As the son of a merchant, Valentin Ruths was initially also destined to become a merchant, but from 1843 he trained in this profession with the Hamburg painter and lithographer Carl Friedrich Beer. From 1846 he went to Munich, where he attended the polytechnic school and from 1847 the academy. He returned to Hamburg in 1848 and worked for the company Lithographisches Institut und Kupferdruckerei Charles Fuchs.
From 1850 to 1854 he attended the Düsseldorf Art Academy and trained as a landscape painter under Johann Wilhelm Schirmer. After Schirmer was appointed the first director of the newly founded Karlsruhe art school in 1854, Ruths also left the academy and set up his own studio in Düsseldorf. His former classmate at the academy, the painter and photographer Arnold Overbeck, photographed him in his studio in Düsseldorf. In 1855, he went to Italy for two years, mainly to Rome and the surrounding area.
From 1857 he lived in Hamburg again. He was a member of the Berlin Academy and from 1869 a member of the Academy in Vienna. Ruths received medals at exhibitions in Metz, Berlin (Golden Medal for Art, 1872) and Vienna. Ruths preferred to paint Elbe landscapes and Italian and Swiss motifs. "He was considered adept at depicting mountainous and flat landscapes, coastal and village scenes and was praised for the great power of his mood, vivid drawing and energetic use of color". Alongside Ascan Lutteroth, he is considered one of the most important Hamburg landscape painters of his time. He was also a member of the Hamburg Artists' Association of 1832.
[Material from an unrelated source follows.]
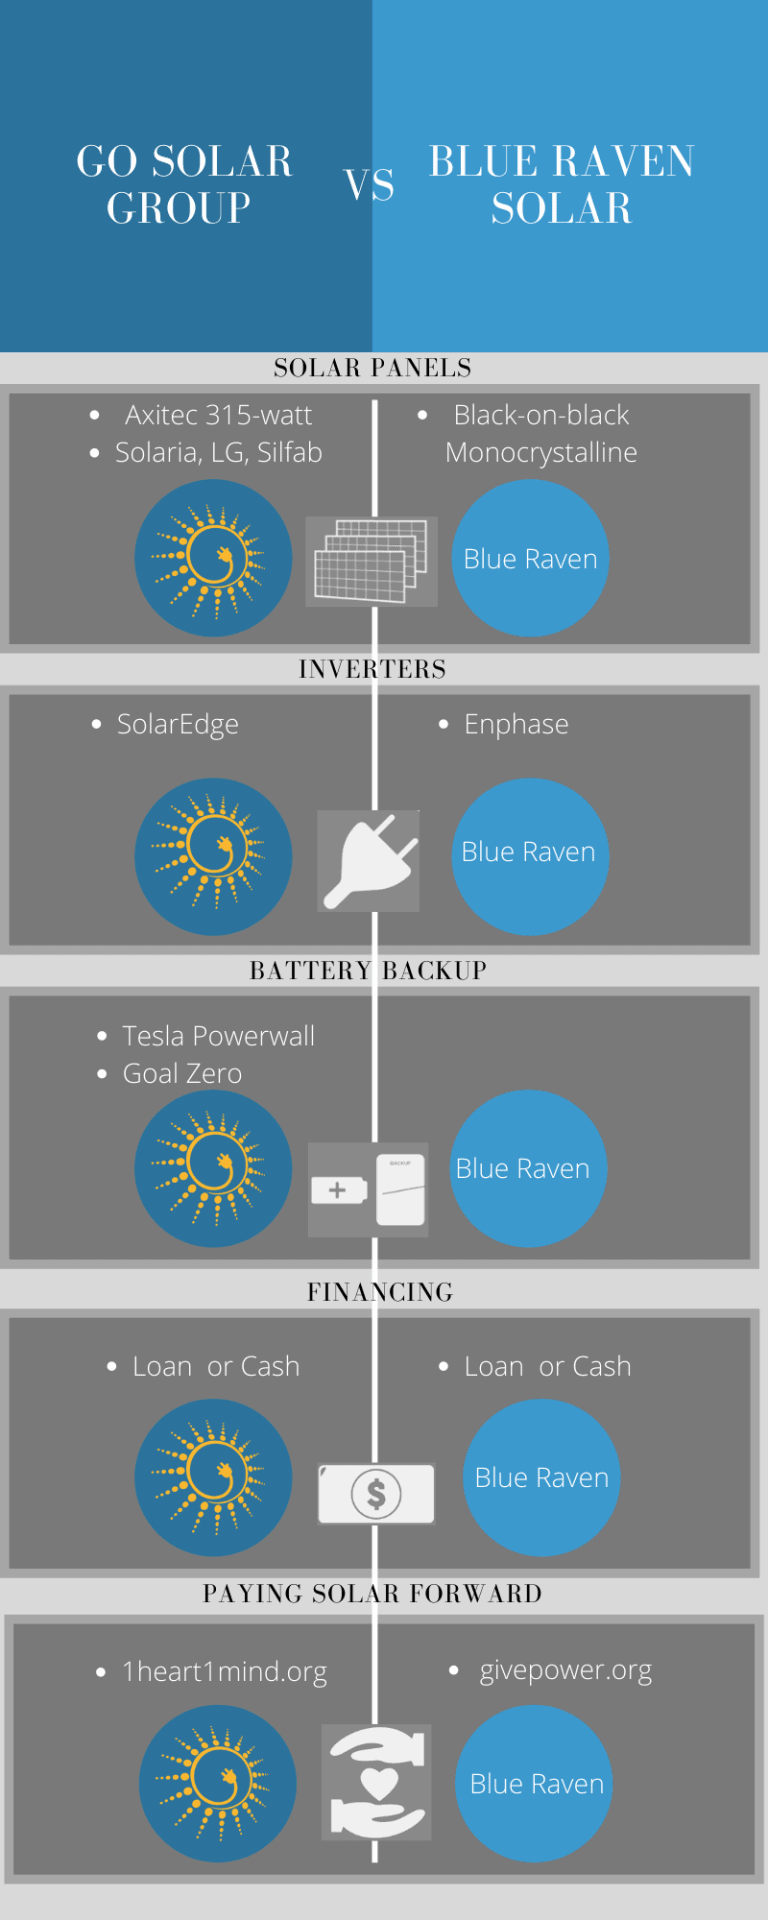 Blue Raven Solar comparison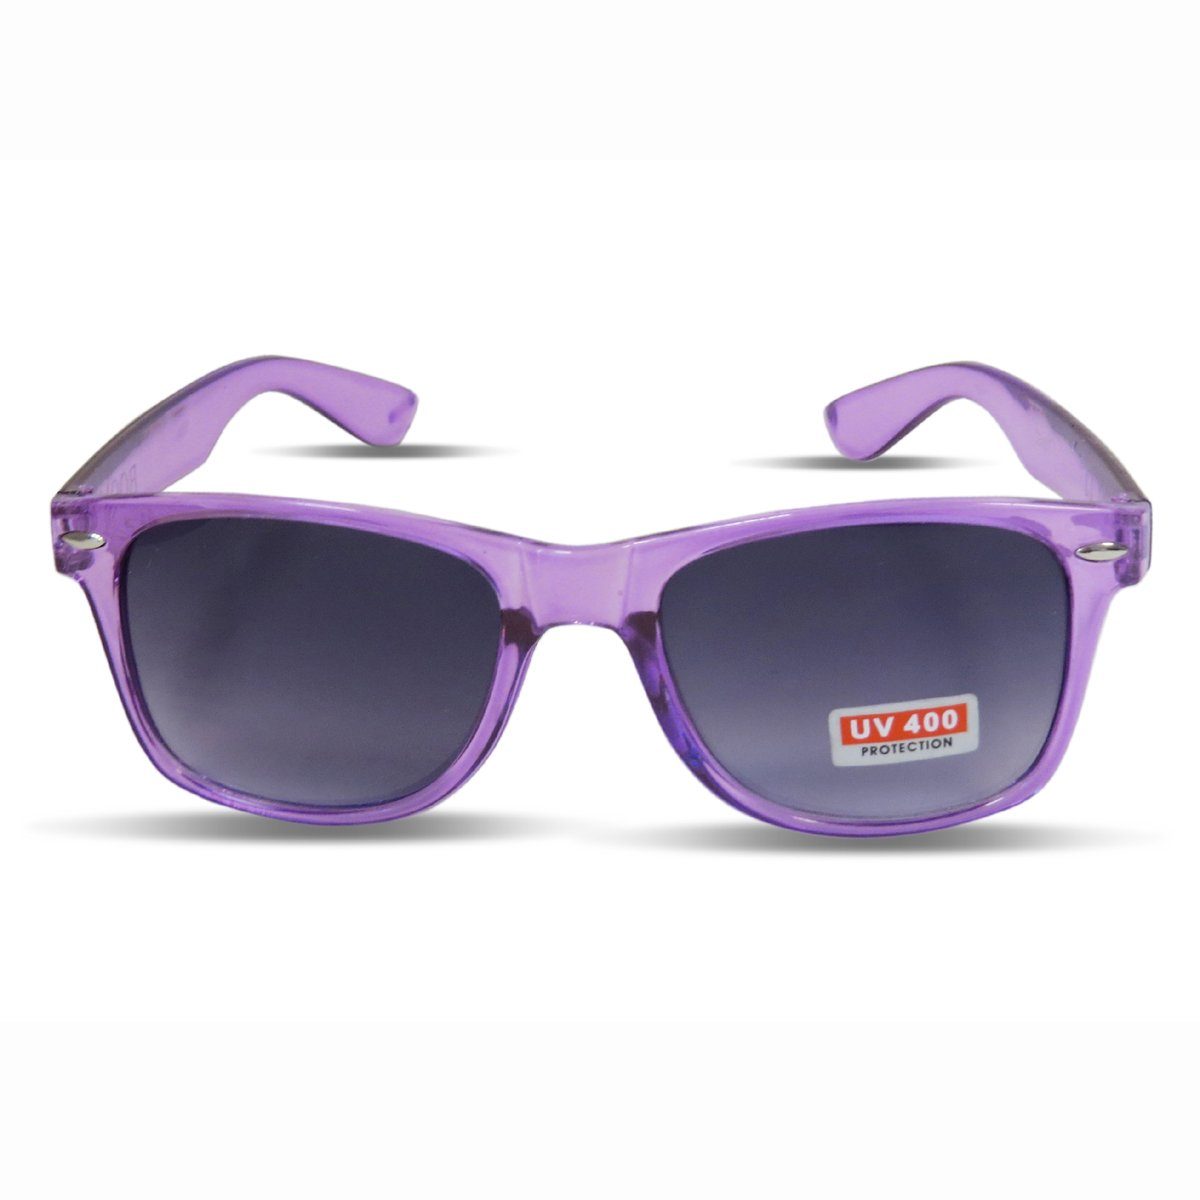 Sonia Originelli Sonnenbrille Sonnenbrille Einfarbig Transparent Partybrille Spaß Fasching Onesize lila

From 1880, together with Arthur Fitger, he painted eight large murals for the staircase of the Hamburger Kunsthalle, depicting the four seasons and times of day. Alfred Lichtwark, the director of the Kunsthalle at the time, acquired a total of ten paintings from Ruths. Ruths also published landscape designs for school and private lessons (Hamburg 1878). He also had himself portrayed by Hermann Steinfurth and donated the portrait to the Hamburg Kunsthalle in 1893. Another portrait, an oil painting by Günther Gensler, which shows Valentin Ruths and his colleague Hermann Kauffmann visiting the painter, is also in the Hamburger Kunsthalle. His niece Amelie Ruths, who had received her first training with him, also became a well-known painter.